Fast NEURON on a budget

The basics of how to develop, test, and use models.
Post Reply
mattmc88

Fast NEURON on a budget

Post by mattmc88 »

I have about $4000 to spend on a computer (or cluster) to run NEURON. Any suggestions on what to buy to get the fastest performance out of NEURON ?

I've been looking at the Mac PRO, a Dell workstation running XP, or an HP workstation running XP or Linux.

Requirements:

1) This is something I'm looking to get (and use) very soon, so I want to make sure NEURON can take advantage of the machine pretty much right-away. Should I hope to get returns out of a quadcore, or a machine with two quadcores?

2) I'd like to get a machine that is upgradeable, so that I can add more/faster processors/memory over time.

3) 64-bit or 32-bit OS?

4) How much RAM will I want?

5) Which is better, more CPUs, or more clockspeed/CPU?

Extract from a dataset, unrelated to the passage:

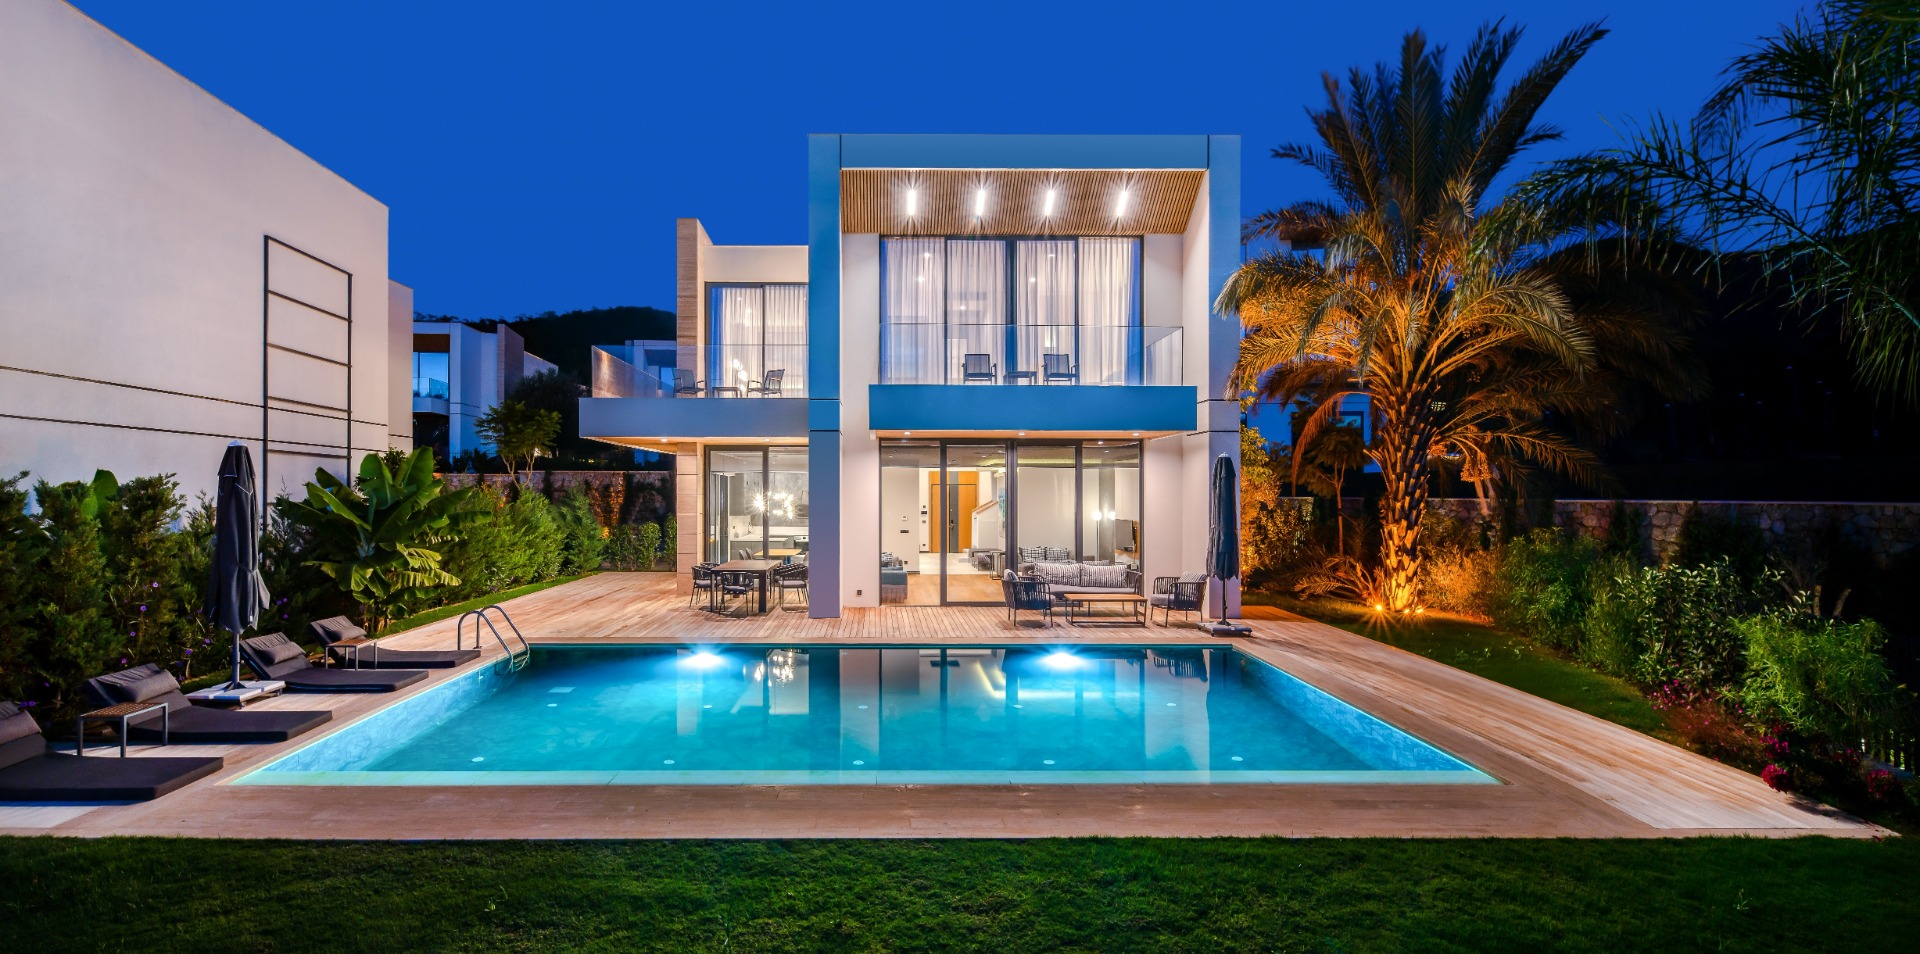 Turizm yön değiştiriyor: ‘Villa satışları oda satışlarının üzerine çıktı’  

6) Is i7 worth the wait? Are Xeon quadcores worth the money?

7) I'd really like to be able to use the GUI!!!

NOTE: I'm mainly going to be running optimization routines on model-to-data fits with single cell models using a simulated annealing routine.

Any-and-all advice would be GREATLY appreciated!

Thanks!!

Matt
ted
Site Admin
Posts: 5810
Joined: Wed May 18, 2005 4:50 pm
Location: Yale University School of Medicine
Contact:

Re: Fast NEURON on a budget

Post by ted »

Mac PRO, a Dell workstation running XP, or an HP workstation running XP or Linux
I'd suggest sticking with whatever OS you're most familiar with. Your clock cycles are more precious than those of any silicon CPU.

The first question is what kind of parallelization you need: execution of multiple simulations at the same time (each processor simulates its own model), or distributed (parallel) execution of individual simulations (each processor simulates a different part of the model). The former is well-suited to optimization problems; the latter is most beneficial when the model cell is large and complex (anatomical detail, mechanisms that are described by kinetic schemes and/or differential equations).

NEURON can handle either type of parallelization. On multicore standalone workstations, 7.x allows distributed multithreaded execution, which lets you continue to use the GUI and does not require revision of hoc code. NMODL code, however, may need to be changed to make it threadsafe.
quadcore, or a machine with two quadcores
I have not heard of any comparisons between specific platforms or architectures that address this issue. Depends on technical details of how shared memory is implemented.
I'd like to get a machine that is upgradeable, so that I can add more/faster processors/memory over time.
My guess is you'll pay through the nose for that. Historically the upgrades for consumer hardware that give the most bang for the buck are adding main RAM, and switching to bigger/faster hard drive(s).
64-bit or 32-bit OS?
Under MSWin, NEURON relies on Cygwin. As I understand it, there is no 64 bit Cygwin yet, so forget about 64 bit MSWin. I don't know about OS X. 64 bit Linux is available, and is a good bet if you're already a Linux user, and plan to use the machine principally for simulations.
How much RAM will I want?
As much as you can get. Always.
Which is better, more CPUs, or more clockspeed/CPU?
Depends on whether you need distributed execution or not. More CPUs help with distributed execution of large models.
Is i7 worth the wait?
What speedup does it promise, and at what price? The first release of any new hardware commands a premium that is readily paid by those with big needs and big budgets (think commercial applications in engineering and finance), but is likely to have serious bugs that are discovered later.
Are Xeon quadcores worth the money?
Maybe somebody who has used one can tell you.
mattmc88

Re: Fast NEURON on a budget

Post by mattmc88 »

Thanks Ted. I'm always impressed with the speed, detail, and expertise of your replies.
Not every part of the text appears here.